8. Termination of Directorship; Change of Control

            (a) If an optionee's membership on the Board terminates for any
reason other than death, the optionee may exercise any outstanding option to the
extent that the optionee was entitled to exercise it on the date of termination.
Exercise must occur within six months after termination, except that the
six-month period shall be increased to one year if the termination is by reason
of disability, but in no event after the expiration date of the option.

            (b) If an optionee dies while serving on the Board, or during the
period in which an option is exercisable pursuant to paragraph (a) of this
Section 8, any outstanding option shall be exercisable to the extent that the
optionee was entitled to exercise it on the date of death. Exercise must occur
by the earlier of the first anniversary of death or the expiration date of the
option. Such exercise shall be made only by the optionee's executor or
administrator, unless the optionee's will specifically disposes of the option,
in which case exercise shall be made only by the recipient of such specific
disposition. If an optionee's personal representative or the recipient of a
specific disposition under the optionee's will shall be entitled to exercise any
award pursuant to the preceding sentence, such representative or recipient shall
be bound by all the terms and conditions of the Plan and the applicable
agreement which would have applied to the optionee including, without
limitation, the provisions of Section 11 hereof.

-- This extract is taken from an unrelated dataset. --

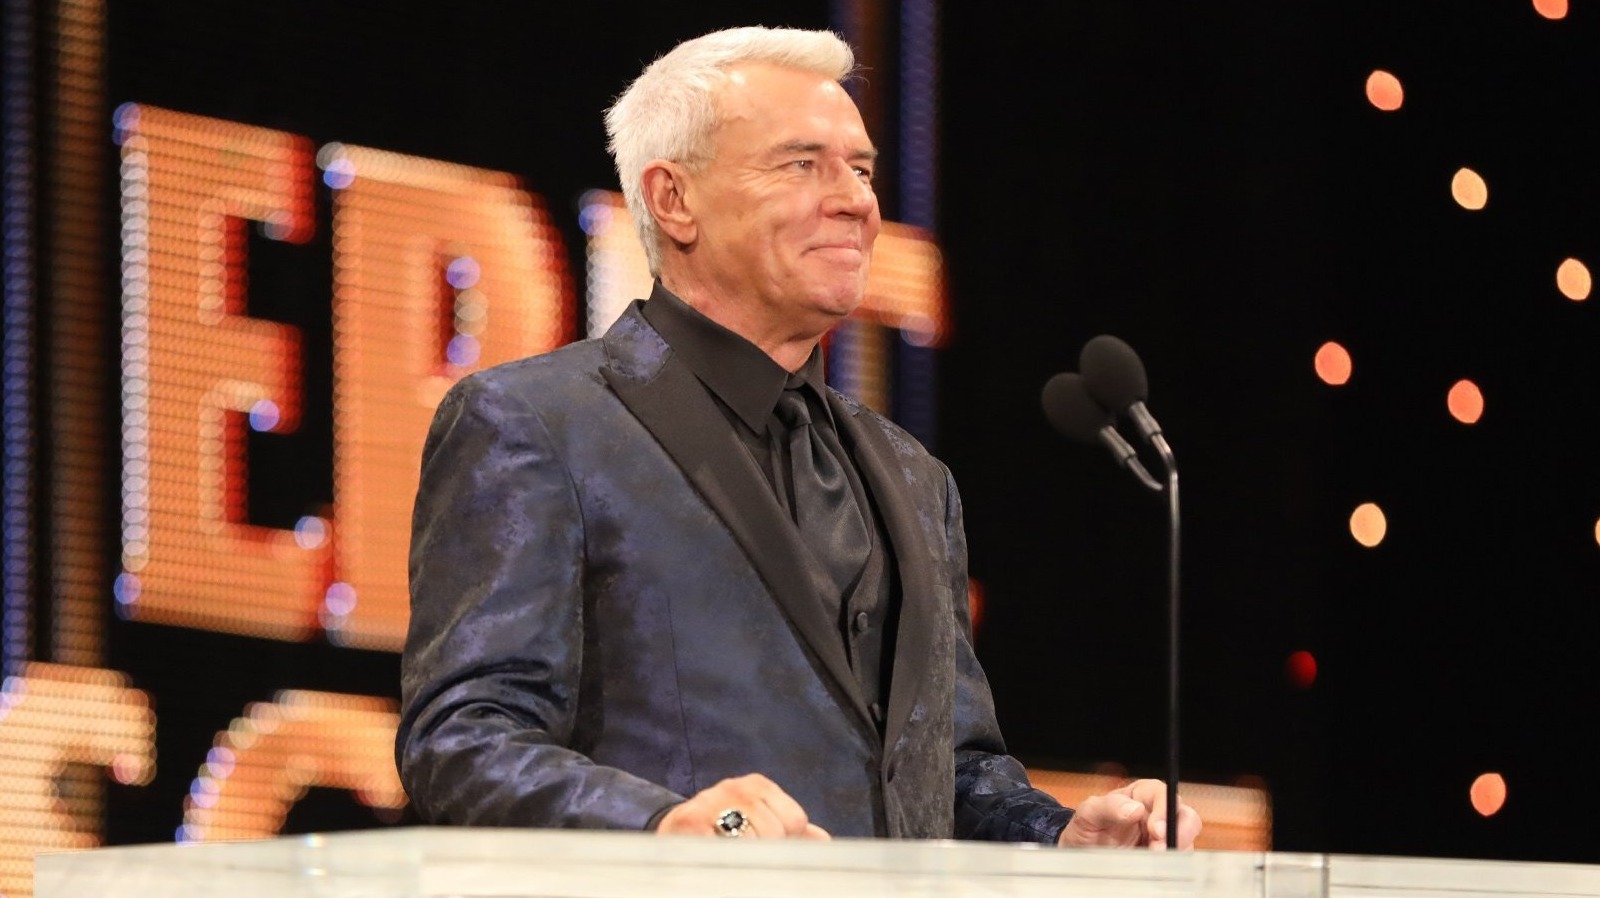 Eric Bischoff recuerda haber trabajado con Steve Austin durante la era de la agresión despiadada de la WWE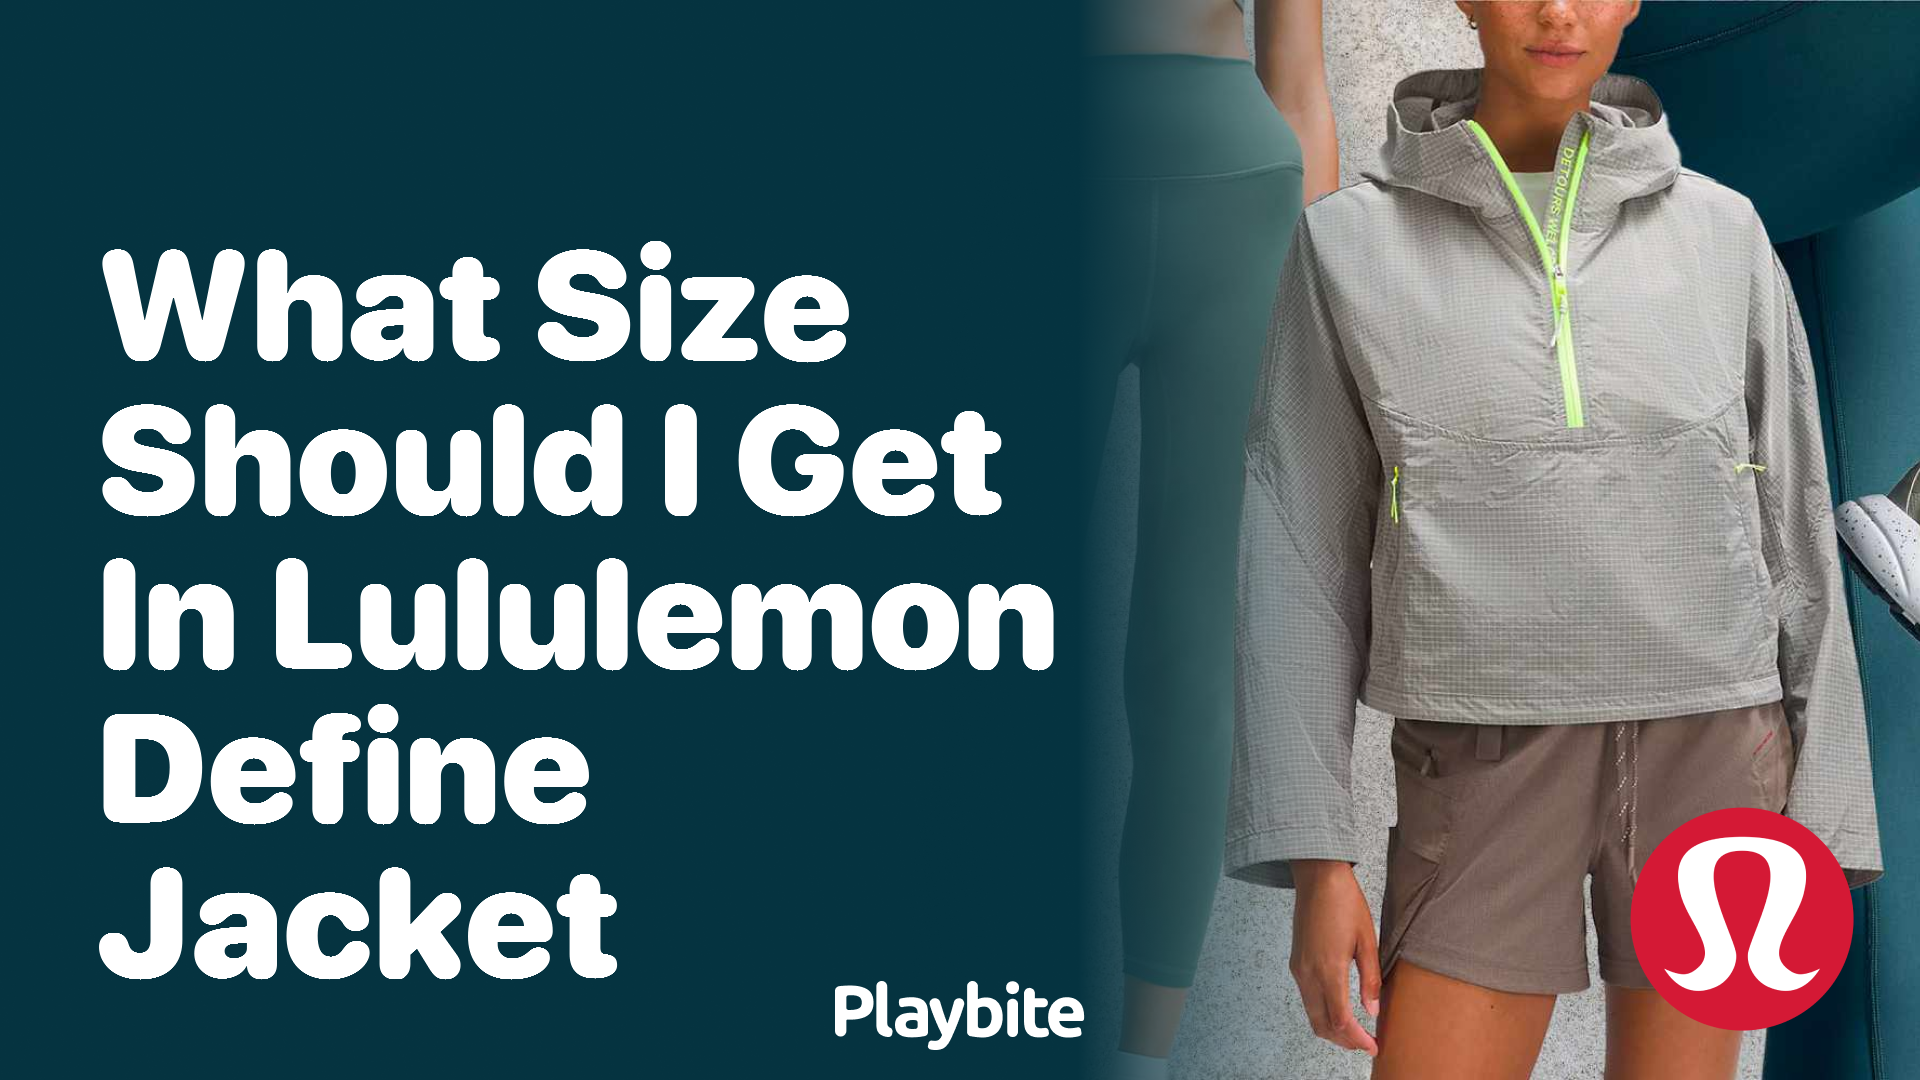 What Size Should I Get in Lululemon Define Jacket? - Playbite

                                                                               4
<PAGE>

            (c) Upon expiration of the applicable six-month or one-year period
described in paragraph (a) or (b) of this Section 8, any unexercised option
shall be null and void.

            (d) Upon the happening of a change in control (as hereinafter
defined) notwithstanding any other provision of this Plan, any option granted
under this Plan then outstanding shall become fully vested and immediately
exercisable (i) upon the termination of the Eligible Director's status as an
Eligible Director as a result of the removal of such person from the Board
(other than for cause) by shareholder action within one year of such change in
control or (ii) in the case of any liquidation, sale, disposition or other
transaction described in clause (D) of the next sentence, immediately upon the
consummation of such liquidation, sale, disposition or other transaction. A
"change in control" shall have occurred if: (A) any "person", as such term is
used in Sections 13(d) and 14(d) of the Securities Exchange Act of 1934, as
amended (the "1934 Act") (other than (i) the shareholders of the Company as of
the effective date of the Plan (the "Current Shareholders", such term to include
their heirs or estates, or trusts or other entities the primary beneficiaries of
which are the Current Shareholders or persons designated by them, (ii) the
Company or any subsidiary of the Company, (iii) any trustee or other fiduciary
holding securities under an employee benefit plan of the Company or any
subsidiary of the Company, or (iv) any company owned, directly or indirectly, by
the shareholders of the Company in substantially the same proportions as their
ownership of stock of the Company), is or becomes the "beneficial owner" (as
defined in Rule 13d-3 under the 1934 Act), directly or indirectly, of securities
of the Company representing more than 50% of the combined voting power of the
Company's then outstanding securities without the prior written consent of the
Board; or (B) during any period of twenty-four (24) consecutive months,
individuals who at the effective date of the Plan constitute the Board and any
new director whose election by the Board or nomination for election by the
Company shareholders was approved by a vote of at least a majority of the
directors then still in office who either were directors at the beginning of the
period or whose election or nomination for election was previously so approved,
cease for any reason to constitute at least a majority thereof; or (C) the
shareholders of the Company approve a merger or consolidation of the Company
with any other company (other than a wholly-owned subsidiary of the Company),
other than (i) a merger or consolidation which would result in the voting
securities of the Company outstanding immediately prior thereto continuing to
represent (either by remaining outstanding or by being converted into voting
securities of the surviving entity) 50% or more of the combined voting power of
voting securities of the Company or such surviving entity outstanding
immediately after such merger or consolidation or (ii) a merger or consolidation
effected to implement a recapitalization of the Company (or similar transaction)
in which no "person" (as defined in clause (A) above with the exceptions noted
in said clause (A)) acquires more than 50% of the combined voting power of the
Company's then outstanding securities; or (D) the shareholders of the Company
approve a plan of complete liquidation of the Company or an agreement for the
sale or disposition by the Company of all or substantially all of the Company's
assets (or any transaction having a similar effect).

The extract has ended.